In the past year I have observed two happy places I would like to celebrate; one newly birthed and another enduring over time and space.
Early in September I was privileged to have my grandson and his girlfriend visit for nine days. They are twenty years old, in a three-year relationship, on a holiday before returning to university. I took them to many places, but most importantly to Tofino on the west coast of Vancouver Island. This is a happy place for me and for my grandson, who has been going there since he was a toddler. He was bringing his “love” to this place for the first time. What a gift for me to be an observer.
Nature cooperated and gave us four days of blue sky in Tofino. The ocean crashed. The surfers and boogie boarders did their thing. My grandson took off on a boogie board while his girlfriend was less sure on the board.
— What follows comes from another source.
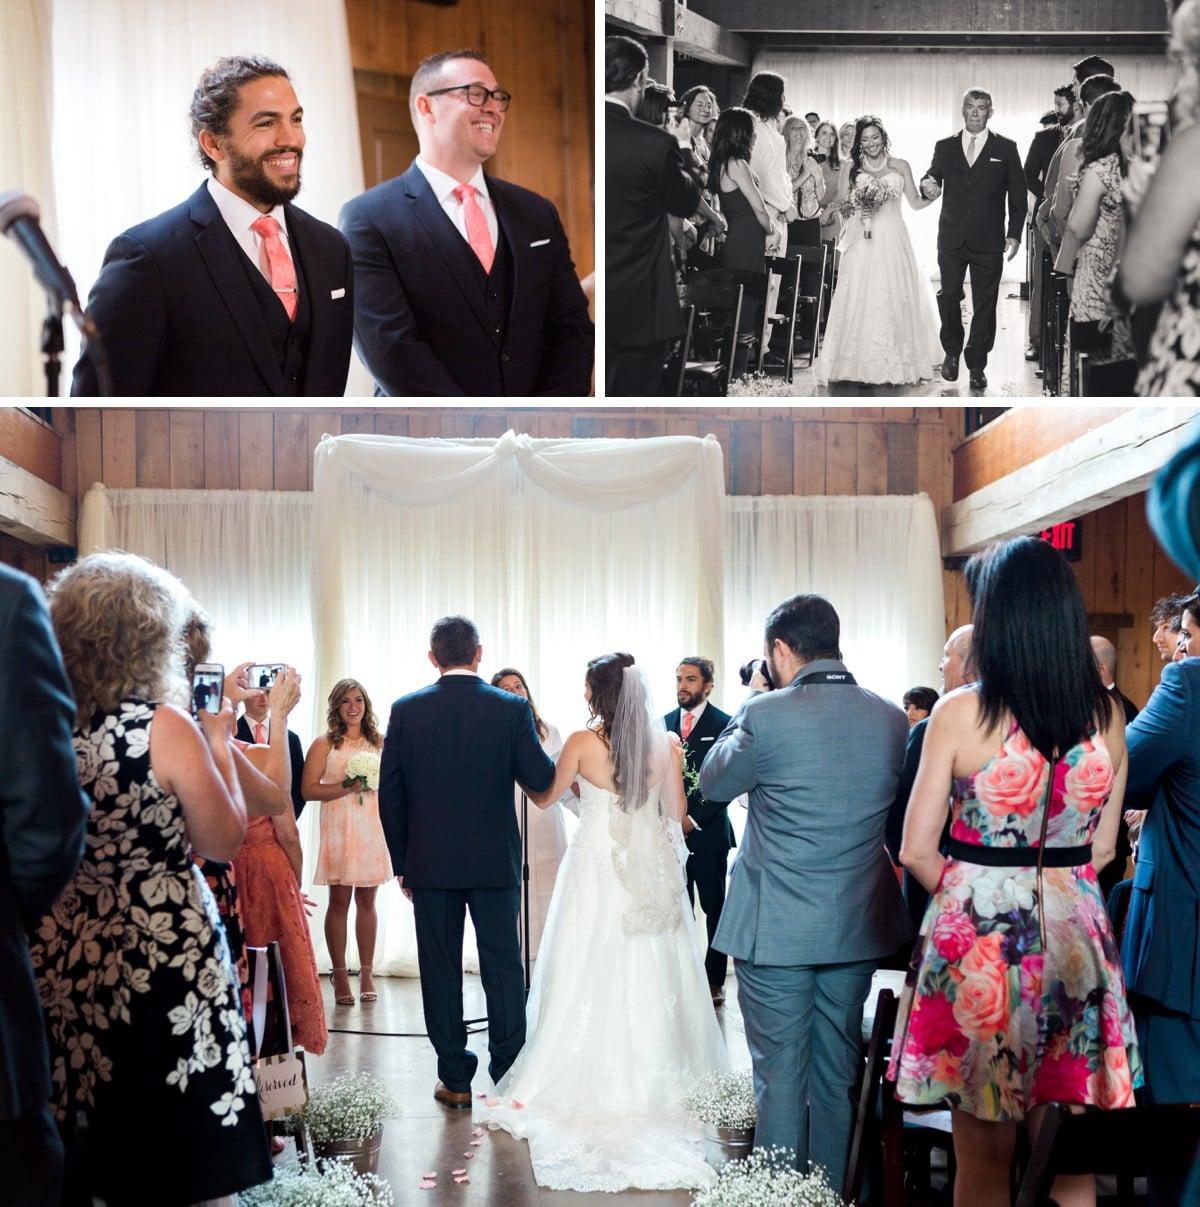 Nashville Green Door Gourmet Wedding, Nashville Wedding Photography, Wedding Ceremony
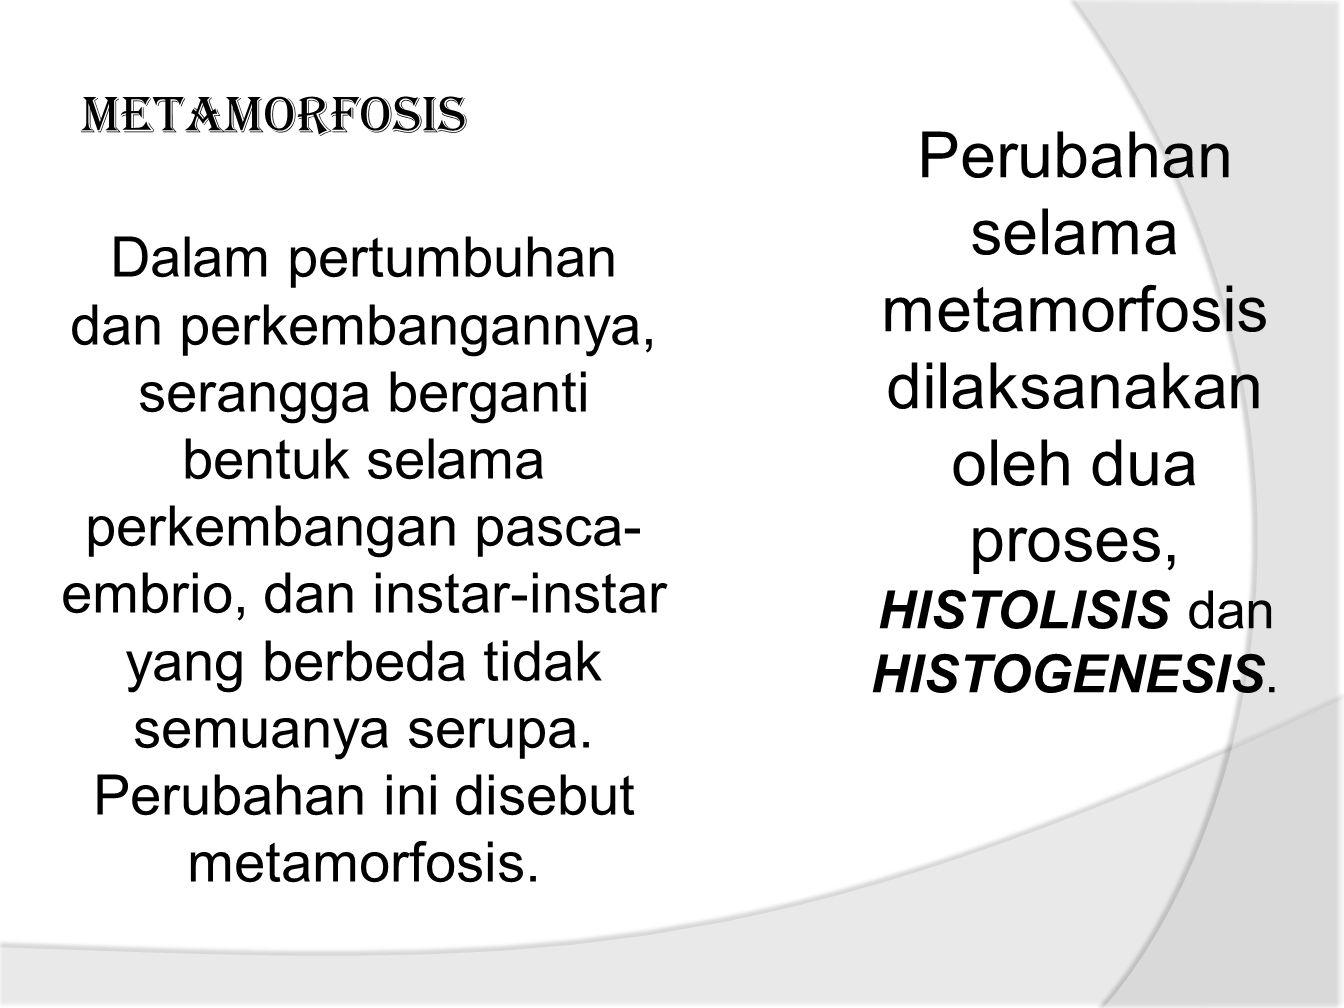 METAMORFOSIS Dalam pertumbuhan dan perkembangannya, serangga berganti bentuk selama perkembangan pasca- embrio, dan instar-instar yang berbeda tidak semuanya serupa.

There were moments of tension, and then he slowed down and she caught up. A “happy place” was born for them both. I got to witness it and capture it in a photo.
The second celebration was shared with me by friends on Bribie Island in Queensland, Australia. Their son, his wife and their only grandchild live in my neighbourhood in Vancouver, Canada. This sort of long-distance grandparenting is very common these days. The grandmother in Australia and the granddaughter in Canada have a very happy place. It is a laptop infused with meaning.
Every day, for one to two hours, at the now-seven-year-old’s pre-dinner time, she and grandma hang out, reading and exploring and doing things. Grandma tells me this time is inviolable , seven years in duration and is regularly scheduled in her agenda. The young girl carries her laptop around with her. Recently she and grandma gathered acorns, placing them on leaves and making a buffet for the squirrels. Across oceans they commune in such a happy place of connection.
I wish this December to celebrate your happy places and encourage you to be open to a new happy place, gobsmacking you with awe and wonder.